Pour un certain secteur de la droite espagnole, une crise diplomatique avec la Belgique empêcherait la cérémonie d’investiture que veut organiser Puigdemont pour se convertir à distance en président de la République catalane.

José Antonio Zarzalejos est probablement l’incarnation physique d’un certain courant de pensée qui règne dans la capitale espagnole. Journaliste dans les plus grands titres conservateurs du pays, écrivain réputé dans les milieux droitiers et proche de l’ancien premier ministre José-Maria Aznar, lui-même ami personnel de Nicolas Sarkozy.

La parole de Zarzalejos pèse, car elle est partagée par beaucoup d’esprits de l’intelligentsia madrilène. Hier, dans l’ultra-conservateur journal El Confidencial, José Antonio Zarzalejos se désole à voix haute que la Belgique ne prenne pas des mesures à l’encontre de Carles Puigdemont. L’ancien président de la Catalogne, qui réside à Bruxelles depuis plus de trois mois, enchaîne les conférences de presse chocs depuis la capitale belge, se réunit d’une manière hebdomadaire publiquement avec ses amis indépendantistes. Surtout, Puigdemont prévoit, a priori la semaine prochaine, une investiture qui le convertirait, depuis Bruxelles, en président de la République catalane. Les députés et maires indépendantistes feraient le déplacement pour constituer une Assemblée des élus et déclarer triomphalement Puigdemont président du Conseil de la République catalane. Les indépendantistes ne cachent pas leur désir d’humilier et de ridiculiser l’Espagne depuis la Belgique en intronisant Puigdemont président.

Silence belge

L’ambassadrice espagnole à Bruxelles Cecília Yuste se démène pour que le gouvernement belge prenne position contre Carles Puigdemont. Dans son panflet, José Antonio Zarzalejos se désole du fait que l’exécutif belge opte pour un silence radio assourdissant. Le premier ministre Charles Michel est dans une situation politique inconfortable, il gouverne le pays avec les nationalistes flamands qui soutiennent ouvertement Carles Puigdemont. Prendre position contre l’ancien président de la Catalogne pourrait ouvrir une crise politique rompant le gouvernement belge. Donc Charles Michel se tait et se borne à constater que le leader catalan est un citoyen comme les autres.

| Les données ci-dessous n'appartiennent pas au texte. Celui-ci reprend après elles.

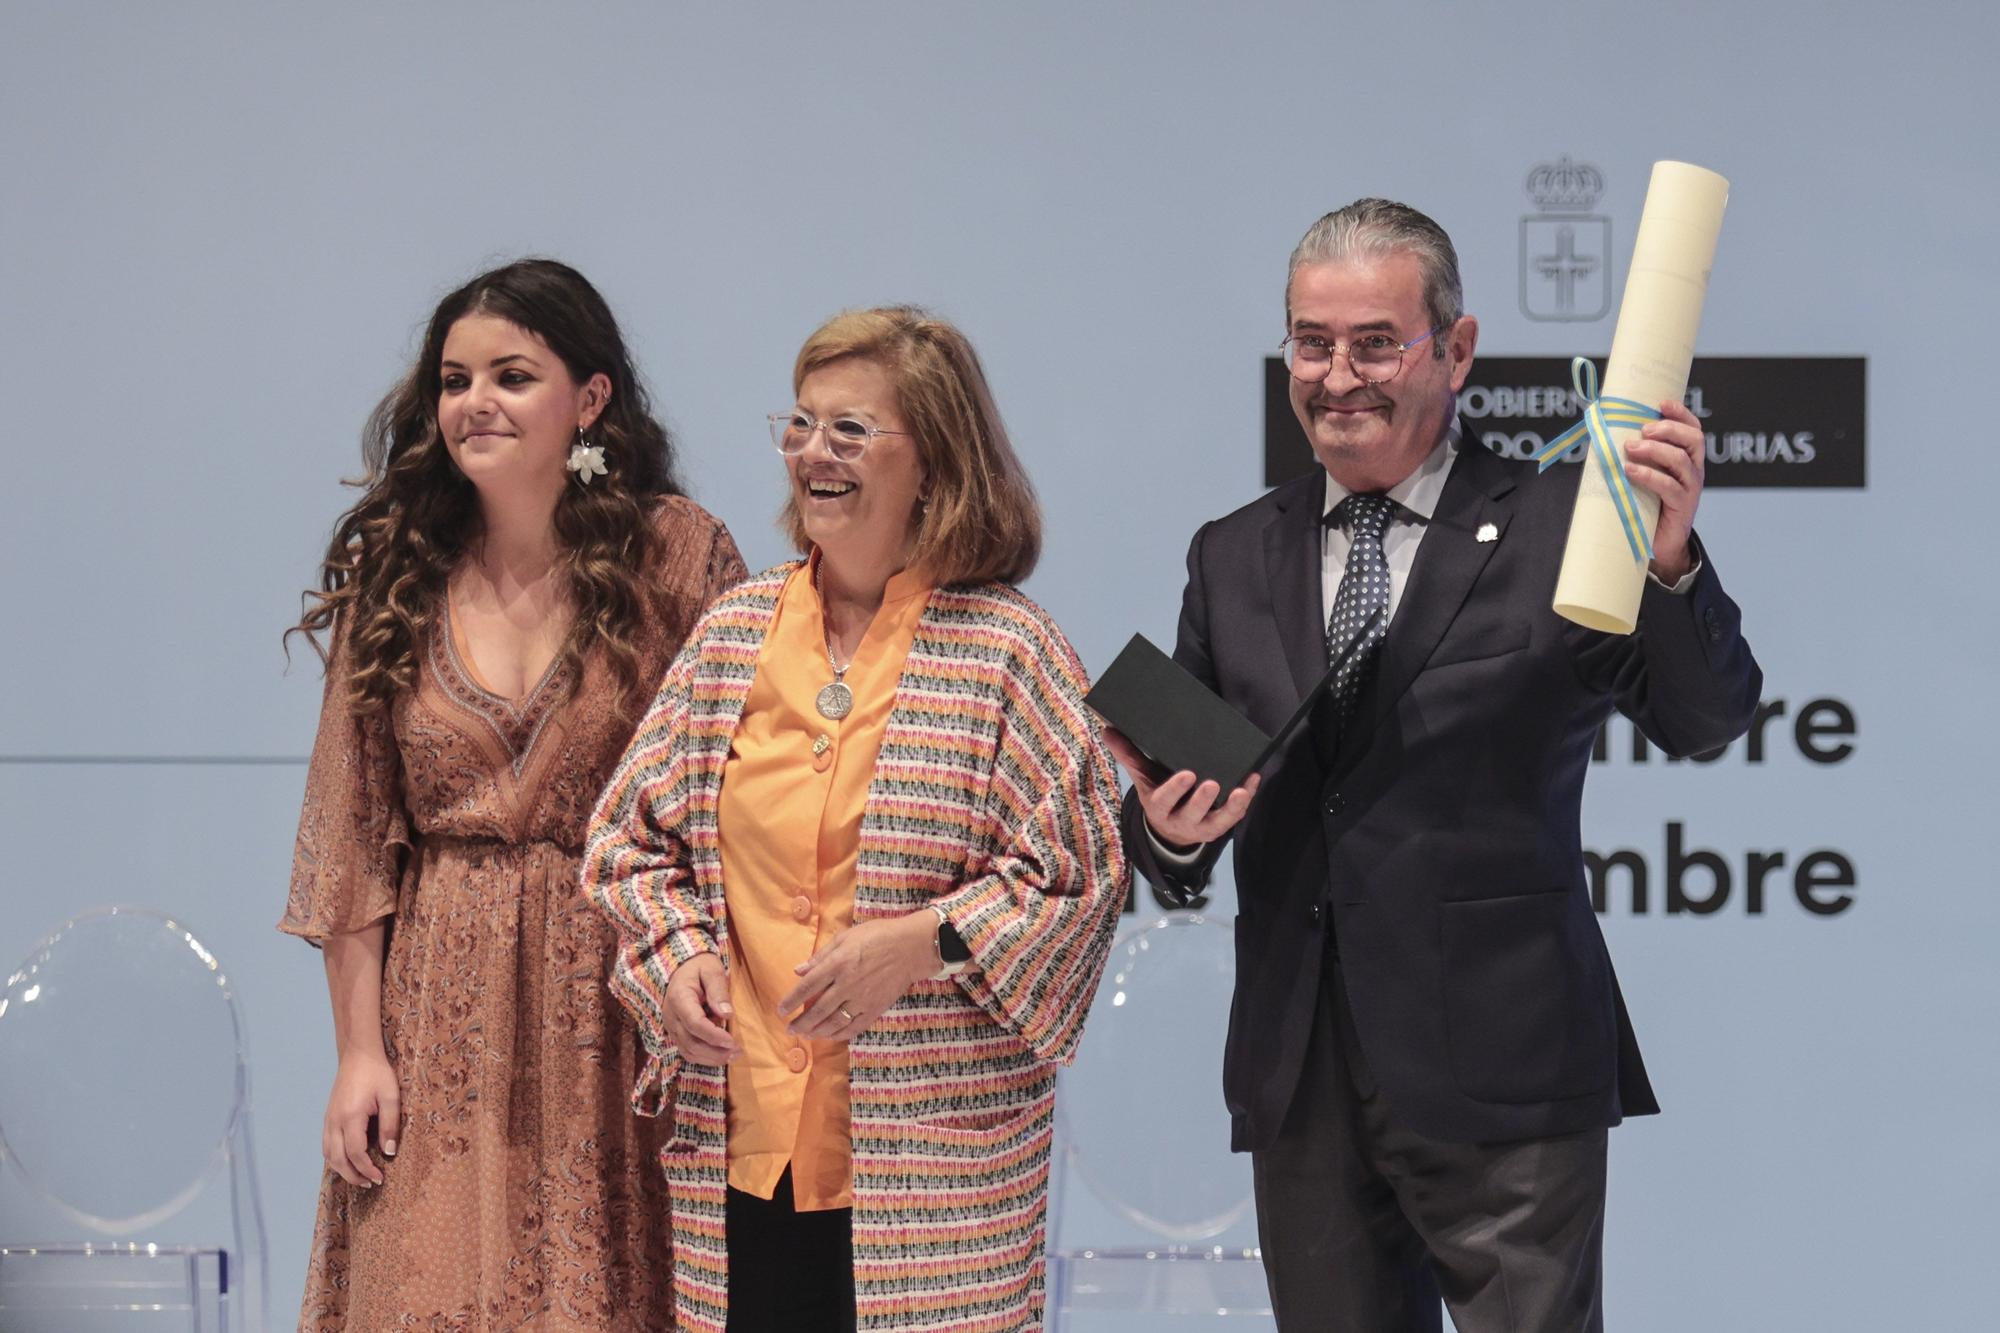 En imágenes: así fue el acto de entrega de las Medallas de Asturias

Le juge du Tribunal suprême qui instruit le dossier contre Puigdemont a retiré le mandat d’arrêt européen en décembre dernier, devant le fait que la justice belge n’allait finalement pas extrader l’ex-président. Aujourd’hui, comme à tous les Européens résidents en Belgique, s’applique à Puigdemont la directive 2004/38 qui stipule que si il n’y a pas de motifs d’ordre public, de sécurité publique ou de santé publique, il est impossible d’expulser un citoyen du pays.

Bruit catalan

Devant le silence de la Belgique face au bruit politique que fait Puigdemont, les secteurs les plus conservateurs de Madrid pensent qu’il est grand temps de déclencher une crise diplomatique avec le gouvernement belge. José Antonio Zarzalejos et ses nombreux amis pensent que Mariano Rajoy doit “attaquer” publiquement le gouvernement belge pour que celui-ci se positionne contre Puigdemont.

Les conservateurs ne supportent plus que le premier ministre Michel explique que c’est “l’Espagne qui a un problème politique avec Puigdemont et pas son pays”. Les faucons espagnols pensent qu’il est grand temps d’aller au clash avec la Belgique. Le but est d’empêcher la cérémonie d’investiture présidentielle que veut organiser Puigdemont pour se convertir à distance président de la République catalane.

L’éventuelle candidature indépendantiste de Puigdemont, toujours depuis Bruxelles, aux élections européennes de 2019 donnent des sueurs froides à l’Espagne. Mariano Rajoy, comme souvent, n’est pas chaud. Et pour cause, si deux États européens, l’Espagne et la Belgique, s’affrontaient dans une grave crise diplomatique, c’est le Conseil de l’Europe et les pays majeurs comme la France et l’Allemagne qui devraient intervenir. Le pire des cauchemars pour Mariano Rajoy.